和张佳散完步回到房间,吴一翔正躺在我**。
“老兄,是不是走错房间了?”我笑着问道。
吴一翔一个挺身坐了起来,阴笑道:“嘿嘿,和大美女出去幽会了?被骂了?”我当然立刻就明白他在说张佳,察其言色,这小子可能做了什么对不起我的事。
我道:“你潜行跟踪我们?”“绝对没有!你看我像那种人吗?”我看着他眼睛半天,估计他也和我一样在努力屏住笑,道:“不像。
简直就是!”“靠。
算了,找你有正经事。”
“什么事?”“刚才去验过货了,正品。
但是我们好像又没有这么多人用了,你说麻烦吧?”“这个……就随便吧。
这种事情你也不该对我说啊。
我是经济部的副官,只管付钱和赚钱。”
“你是不是不想干了?这个组织将来如何都与你无关?”吴一翔愣了两秒钟,厉色对我说道。

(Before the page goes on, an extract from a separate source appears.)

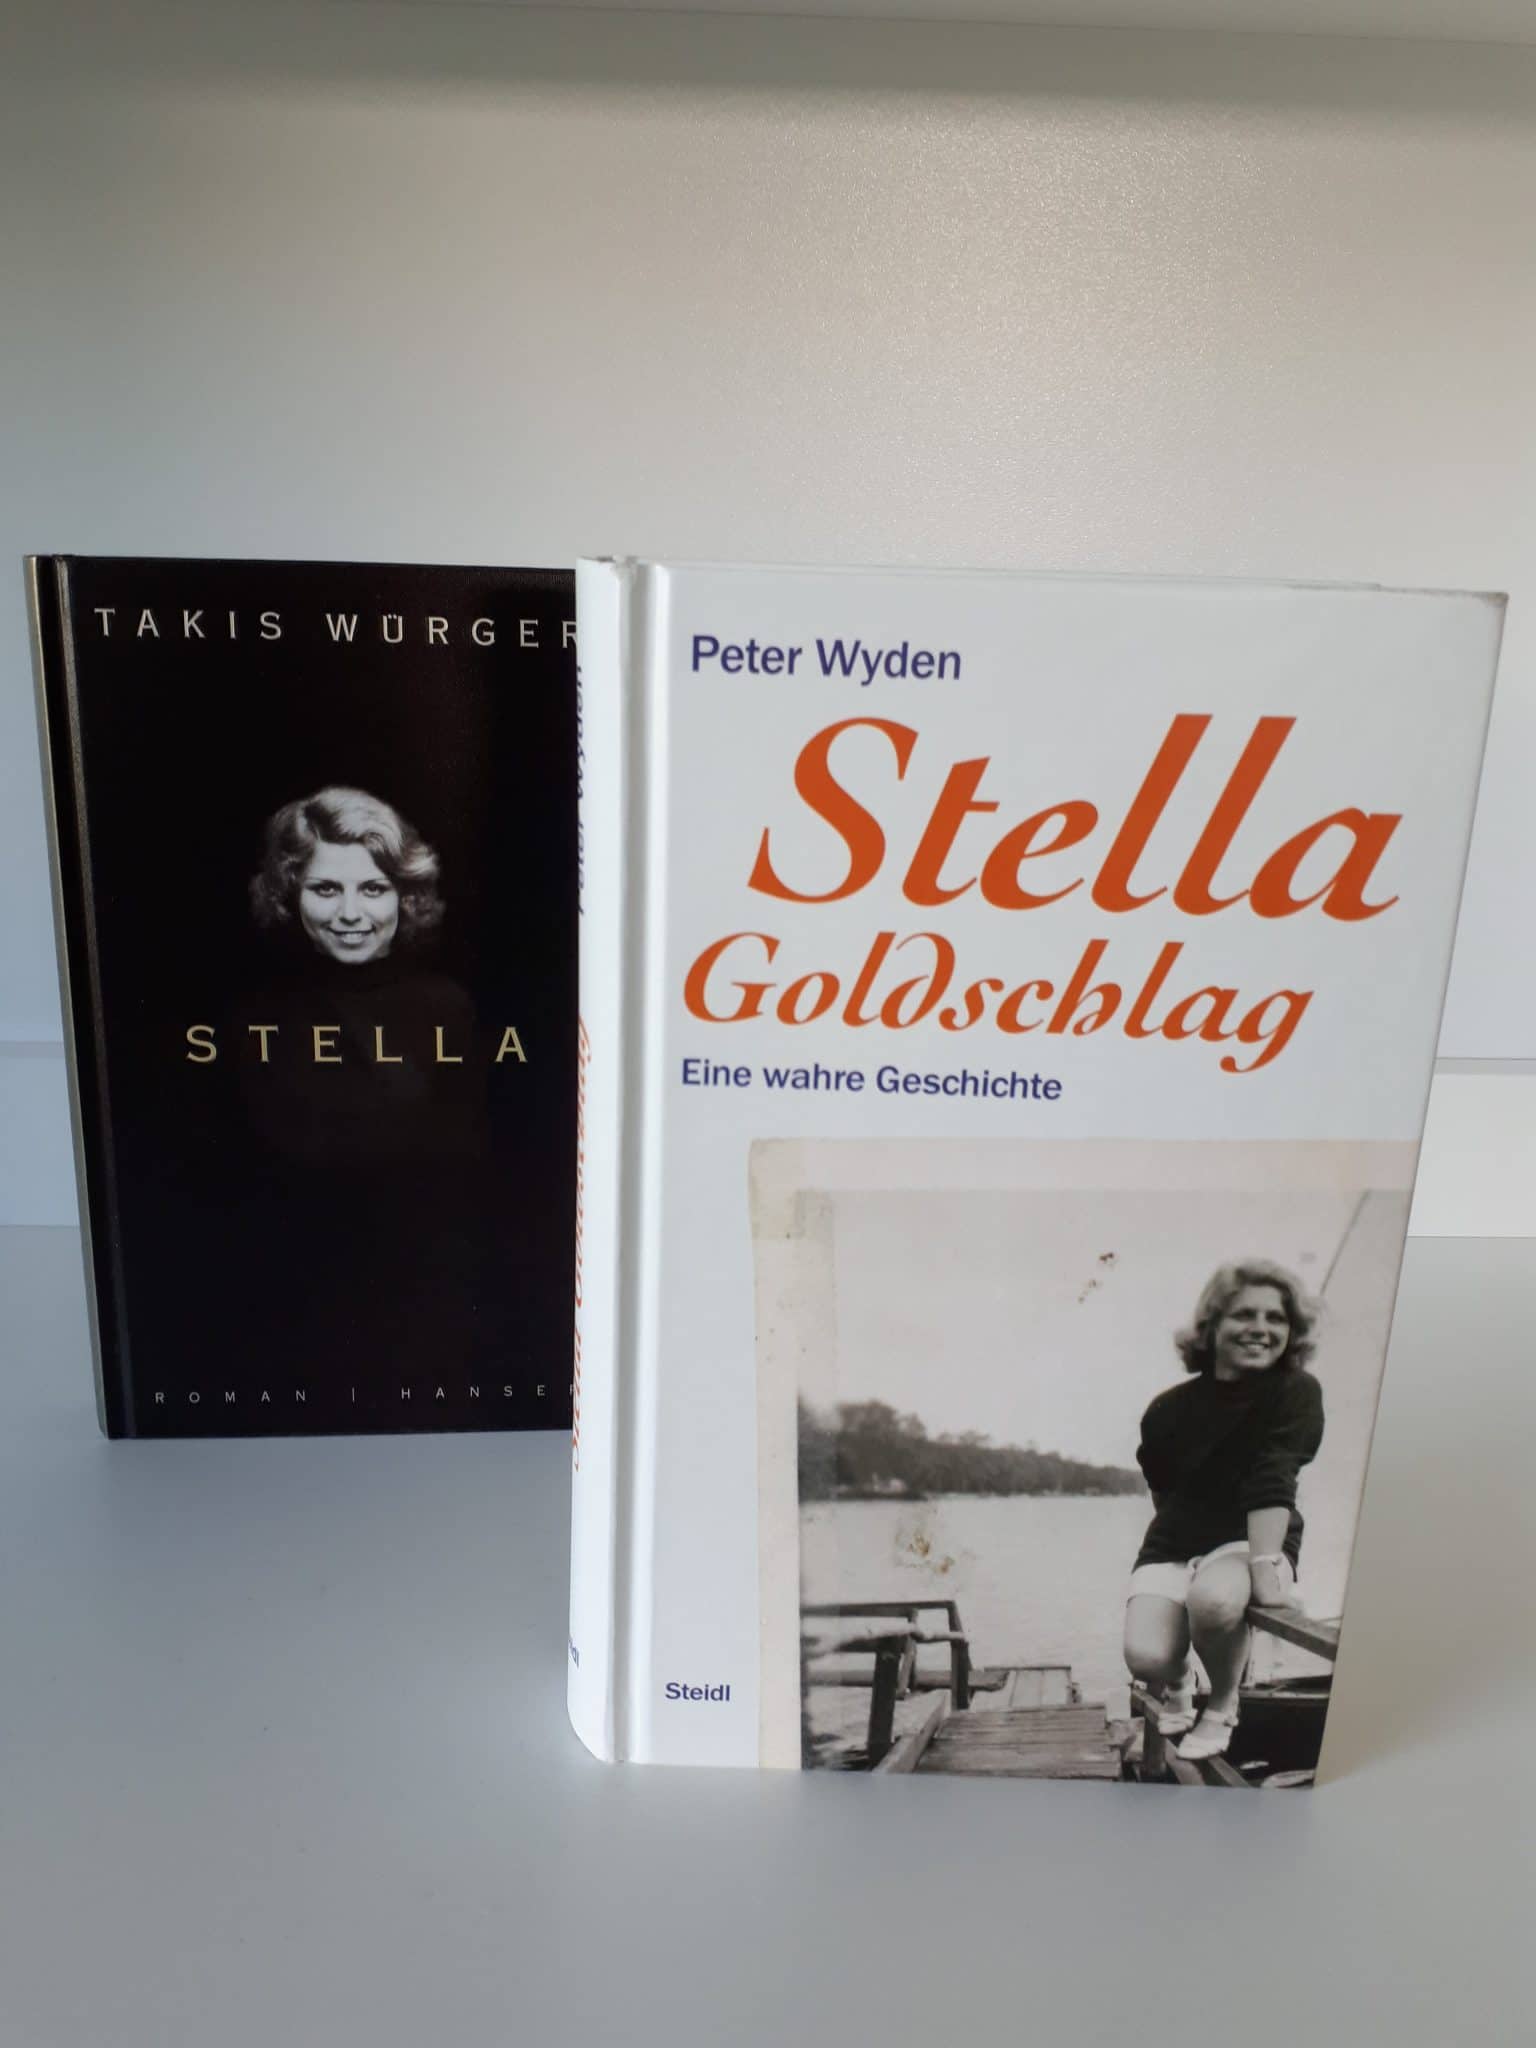 Peter Weyden  Stella Goldschlag. Eine wahre Geschichte und ein paar Gedanken zur Veröffentlichung von Takis Würgers Stella

我还是怀疑他潜行跟踪了我和张佳,因为刚才那句话并没有什么洗手不干的意思吧,他何以如此**?“乔林,怎么你也这么不负责任?”“不是我不负责任。
不在其位不谋其政,我只要专心赚钱就算尽责了。”
吴一翔眼睛一亮,道:“你的意思是要个职位?”“唉,不是。
我的意思是说,你们该承担更大的责任,那是你们的职责。
你盯着我干吗?我又未必做得好。”
“你自己看看现在的那个委员会。
钱凝是个殉道者。
朱伟只有一个猪胃。
秦丝颖是个天真的小妹妹。
武炳坤那么阴险怎么能和他共事?杜澎倒还好,就是不关心其他事,除了钱一句多余的话都没有。
还有你的张佳,像水一样,放什么瓶子里定什么型。”
“不是‘我的张佳’,这个你要说清楚,别坏了人家女孩的清誉。”
“你省省吧。
现在谁还像你这样,古董。”
“晕倒……”“靠!你以为带两个时髦词就是现代人了?小样,从骨子里就是古董!”吴一翔说完就出去了,刚好碰到下楼的张佳,楼梯拐角处传来一声怪笑。
“他怎么了?”张佳见我出来,顺便问了一声。
我一摊手,道:“谁知道呢?进来把每个人都数落了一顿。
他大概不想看到血莲会这么快就结束吧。
还说我不负责任呢。”
“生死有命,人和组织都一样。
要不怎么说法人呢?”张佳的确看得开,够自然。
“不知道啊,这算不算袖手旁观?”我长叹一口气。
张佳幽幽道:“你还没有看出其中关节?这个是人心的问题。
不是说大家的目标一致就能走到一起的,血莲会本来就被人为地捏在一起,崩裂是很自然的事情。”
“的确如此。
大概吴一翔只是不想看到这么快就崩裂。
也或者,他能接受血莲会的解散,但是不能接受崩裂……”“不知道老伯怎么样了。
你回来之后还没见过他吧?”“他怎么了?”我想起刚才吴一翔说钱凝是个殉道者,其实老伯才是真正的殉道者。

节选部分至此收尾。